Cervical cerclage has been used for many years to treat cervical incompetence and reduce the rates of late abortion and preterm birth, and some women with history-indicated cerclage preferred to retain the suture in place during cesarean delivery. This study was designed to evaluate the obstetric outcomes of subsequent pregnancies in women with a prior history-indicated modified transvaginal cervicoisthmic cerclage, with particular emphasis on assessing the clinical efficacy of suture reuse. A retrospective observational study was performed from 2014 to 2021, consisted of 20 women who completed 2 pregnancies with the same cerclage suture in place. The study compared gestational age at delivery, term and post-34-week preterm delivery rates, neonatal birth weight, and survival rates between first and second pregnancies with the same suture. In the first pregnancies, the mean gestational age at delivery was 37.6 ± 0.9 weeks, with a term delivery rate of 90%, no preterm births before 34 weeks (0%), and a 100% neonatal survival rate. The second pregnancies had had a mean delivery gestational age of 36.7 ± 3.2 weeks, with a 75% term delivery rate, a 15% preterm birth rate before 34 weeks, while neonatal survival remained at 100%. The findings indicate that utilizing the same suture for history-indicated transvaginal cervicoisthmic cerclage can be effective for maintaining favorable pregnancy outcomes in both initial and subsequent pregnancies among women with cervical insufficiency.

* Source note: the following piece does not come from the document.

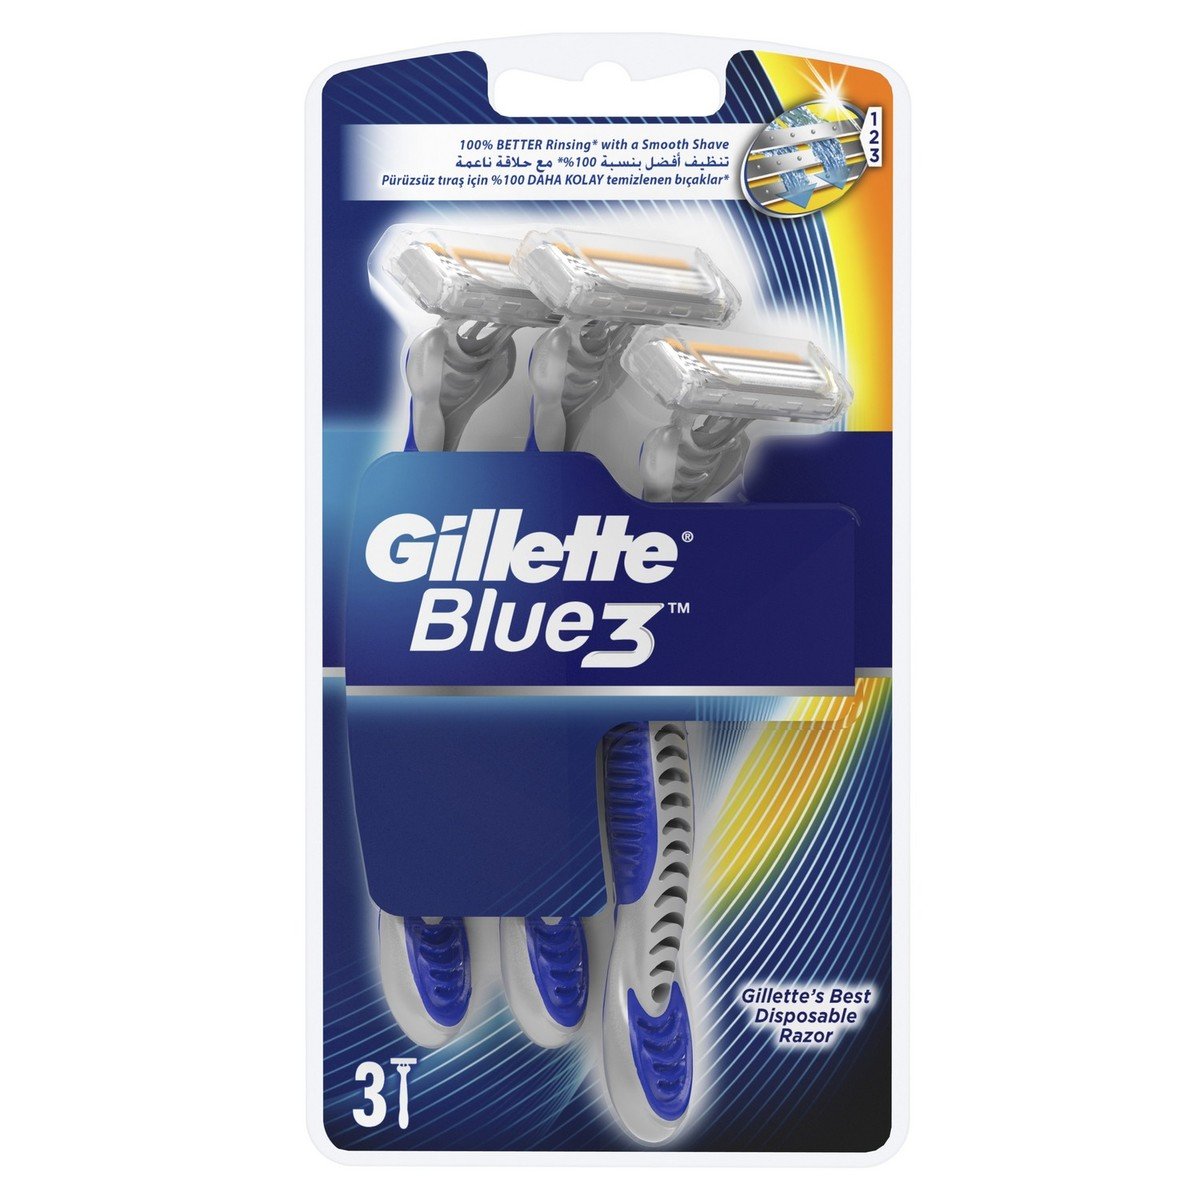 Gillette Blue3 Men’s Disposable Razors 3pcs

This approach may offer a viable option for preserving pregnancy outcomes in this high-risk population.

摘要

宫颈环扎术已应用多年,用于治疗宫颈机能不全并降低晚期流产和早产率,一些有病史指征行宫颈环扎术的女性更倾向于在剖宫产时保留缝线。本研究旨在评估既往有病史指征行改良经阴道宫颈峡部环扎术的女性后续妊娠的产科结局,特别强调评估缝线再利用的临床疗效。我们于2014年至2021年进行了一项回顾性观察研究,纳入了20名使用同一根环扎缝线完成两次妊娠的女性。该研究比较了两次使用同一缝线妊娠的分娩孕周、足月及34周后早产率、新生儿出生体重和存活率。首次妊娠时,平均分娩孕周为37.6±0.9周,足月分娩率为90%,34周前无早产(0%),新生儿存活率为100%。第二次妊娠的平均分娩孕周为36.7±3.2周,足月分娩率为75%,34周前早产率为15%,而新生儿存活率仍为100%。研究结果表明,对于有宫颈机能不全的女性,在有病史指征的经阴道宫颈峡部环扎术中使用同一缝线,在初次及后续妊娠中维持良好的妊娠结局均有效。这种方法可能为在这一高危人群中保留妊娠结局提供一个可行的选择。